Indie Rock’ın Ansiklopedik Tanımı; SPOON
Utkan Çınar
Şimdi eğri oturup doğru konuşalım. Indie’nin rock kolu özellikle 2000’lerin başında geçer akçeydi. Sadece o tarz müzik çalan radyolarımız bile vardı. Gücünü garaj rock, biraz Brit pop ve new wave’den alan bu tarz o dönemin en popüler stiliydi.
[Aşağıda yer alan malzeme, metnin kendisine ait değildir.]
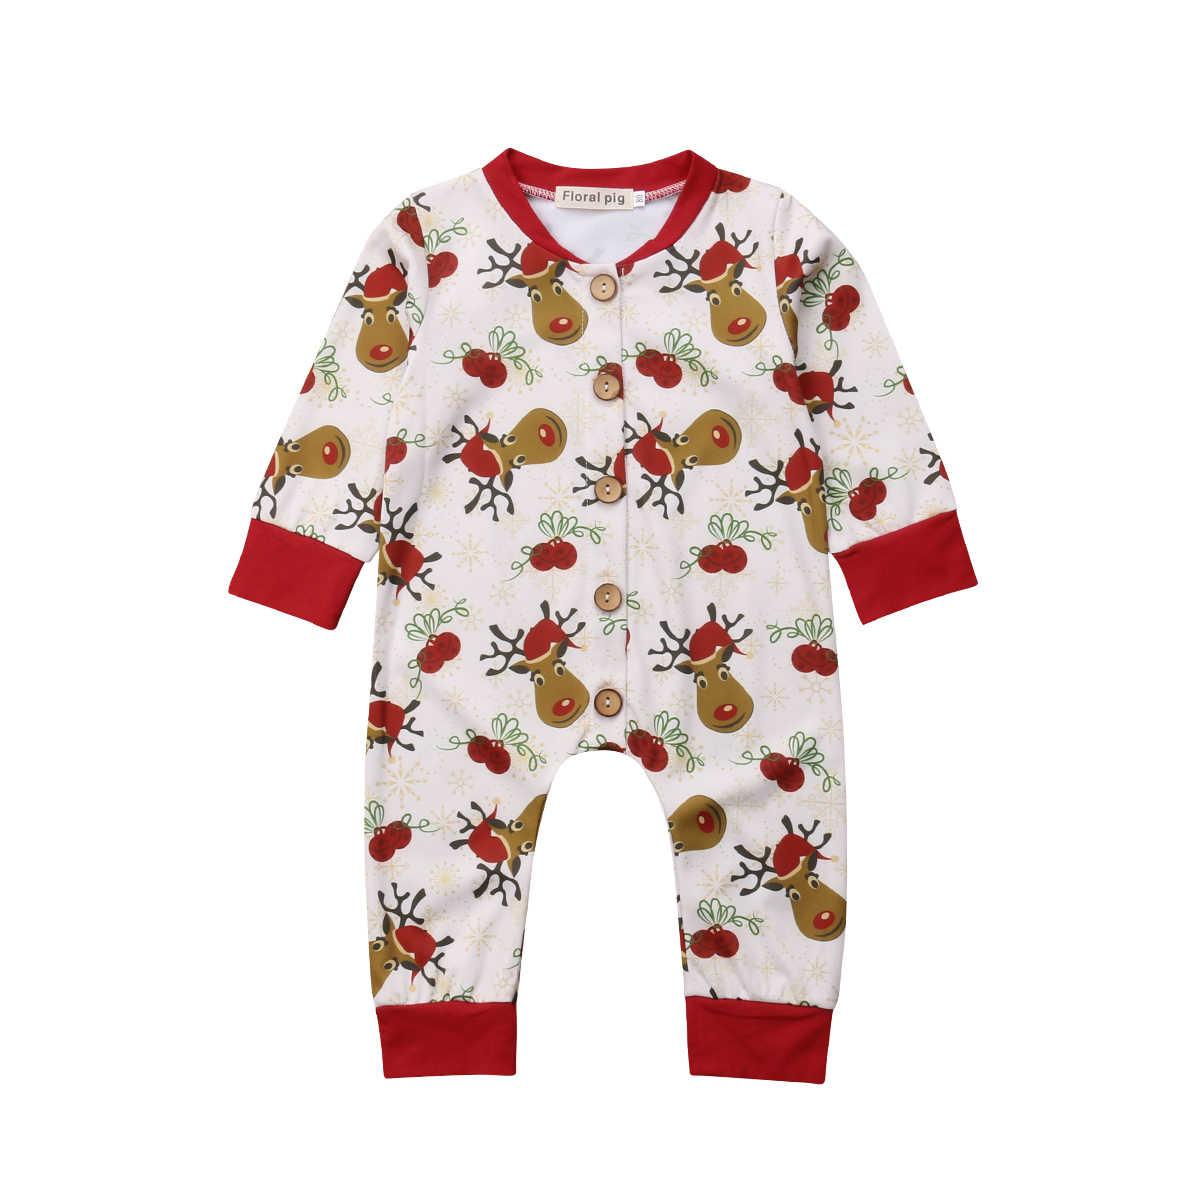 Детская одежда для девочек и мальчиков хлопок комбинезон с оленем  Рождественская Пижама Длинные рукава Одежда для 9599214f2aecd

Interpol’den The Strokes’a işler yolundaydı. Sonra yavaştan sofistikasyonu başladı ve Animal Collective, Grizzly Bear gibi isimler albümleri heyecanla beklenen gruplar haline dönüştüler. 2017’ye geldiğimizde artık alt. rock veya indie rock’un pek esamesinin okunduğunu söylemek zor. Synth pop ağırlıklı Wild Beasts, Future Islands gibi isimler bu boşluğu doldurmaya çalışıyor. Bu ayki konuğumuz Spoon ise bu evrelerin neredeyse tamamında kendi köşesinde sağlam duruşuyla kalitesi hiç düşmeyen bir külliyat yarattı kendine. 2014’teki son albümleri They Want My Soul ile zirvelerini yaptılar. Bu zirve hem kendi özlerinden ödün vermeyen, hem de modern kalıplı, daha geniş kitlelere ulaşabilen şarkılarla oldu. They Want My Soul’un dalgası yeni albümleri Hot Thoughts’la da devam ediyor.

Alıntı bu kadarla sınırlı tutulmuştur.